About the garden
Castle Howard Arboretum Trust
The gently diverse landscape of the Yorkshire Arboretum occupies 128 acres, adjacent to Castle Howard, in the heart of the Howardian Hills area of outstanding natural beauty. Laid out by designer James Russell from 1979, its grand spaces are home to an impressive collection of more than 6,000 trees ranging from former parkland veterans to recent diverse introductions from expeditions led by the Royal Botanic Gardens, Kew and Edinburgh.
An interactive map on the arboretum’s website enables the collection to be explored remotely and for highlights to be picked before visiting – perhaps the fine Himalayan oak, the Mexican firs and pines with huge cones, or beautiful groves of birches. This is a parkland arboretum where everything has enough space to grow to its full potential.
In spring the blossoming trees are complemented by a sweeping of bulbs, including huge drifts of blue camassias. In summer wildflowers and waving grasses, parted by sinuous paths make an idyllic scene while in autumn rich colours develop over a long season.
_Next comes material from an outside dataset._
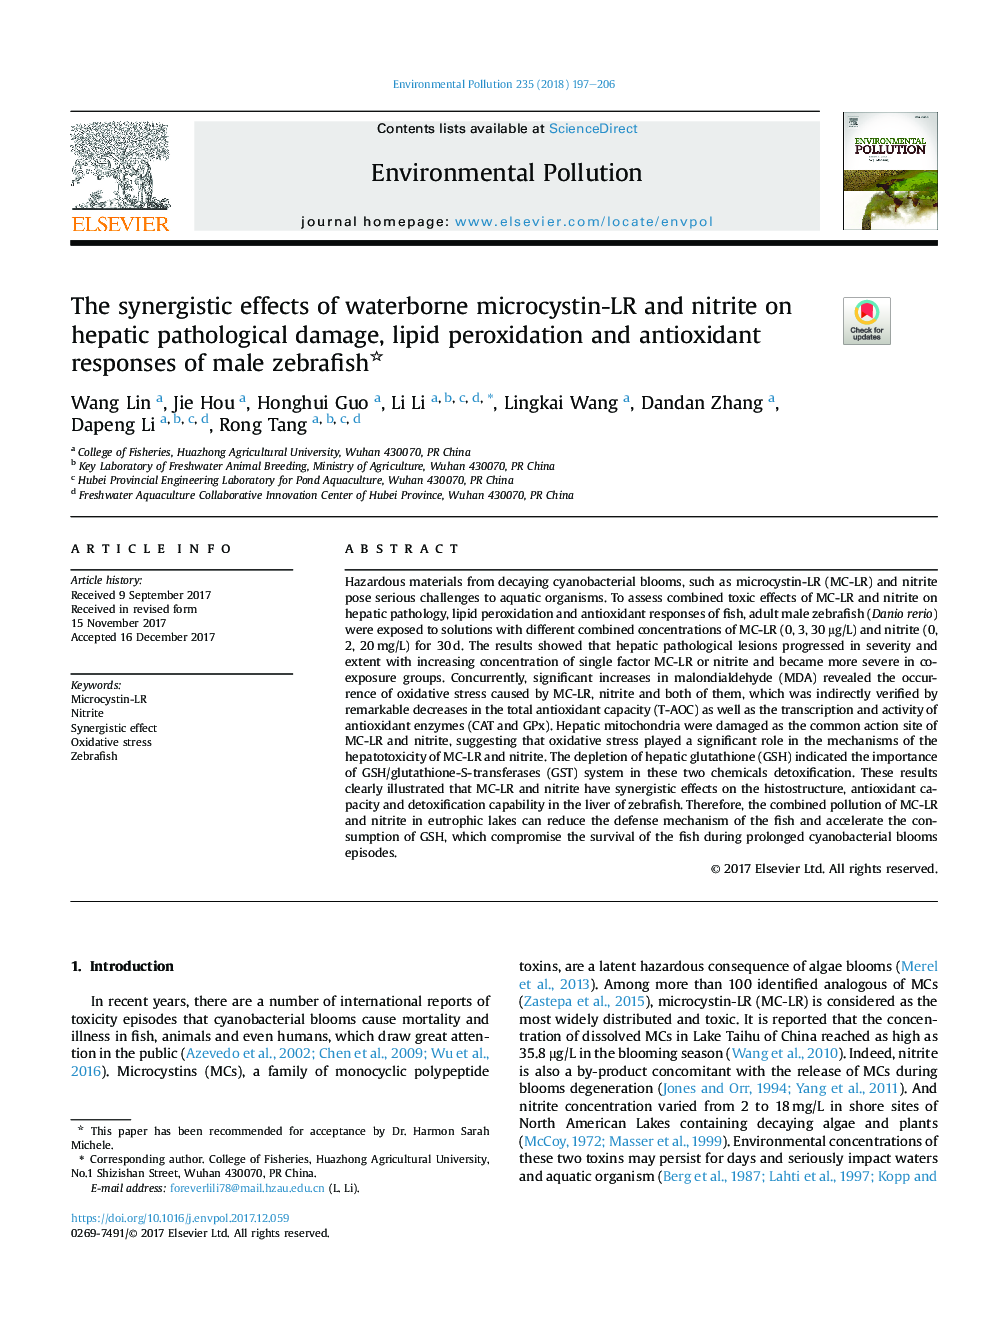 The synergistic effects of waterborne microcystin-LR and nitrite on hepatic pathological damage, lipid peroxidation and antioxidant responses of male zebrafish

A lake, ponds and the large areas of meadow create a site rich in native wildlife, with thousands of wild orchids, rare fungi and birds such as the regularly seen barn owls and occasional kingfishers can be spotted - peacocks and guinea fowl also roam the site.
With its core values of ‘Inspiration, Education, Conservation’ the arboretum is committed to promoting the benefits and importance of trees and the wider natural world. Walks, talks and events of interest to everyone from the general public to specialist horticulturists are held throughout the season.
For children, there are holiday activities, trails and a woodland playground to explore, in addition to the education programme for school groups. The Arboretum Café enjoys an enviable reputation for excellent homemade food. Dogs are welcome and are allowed off the lead in designated areas.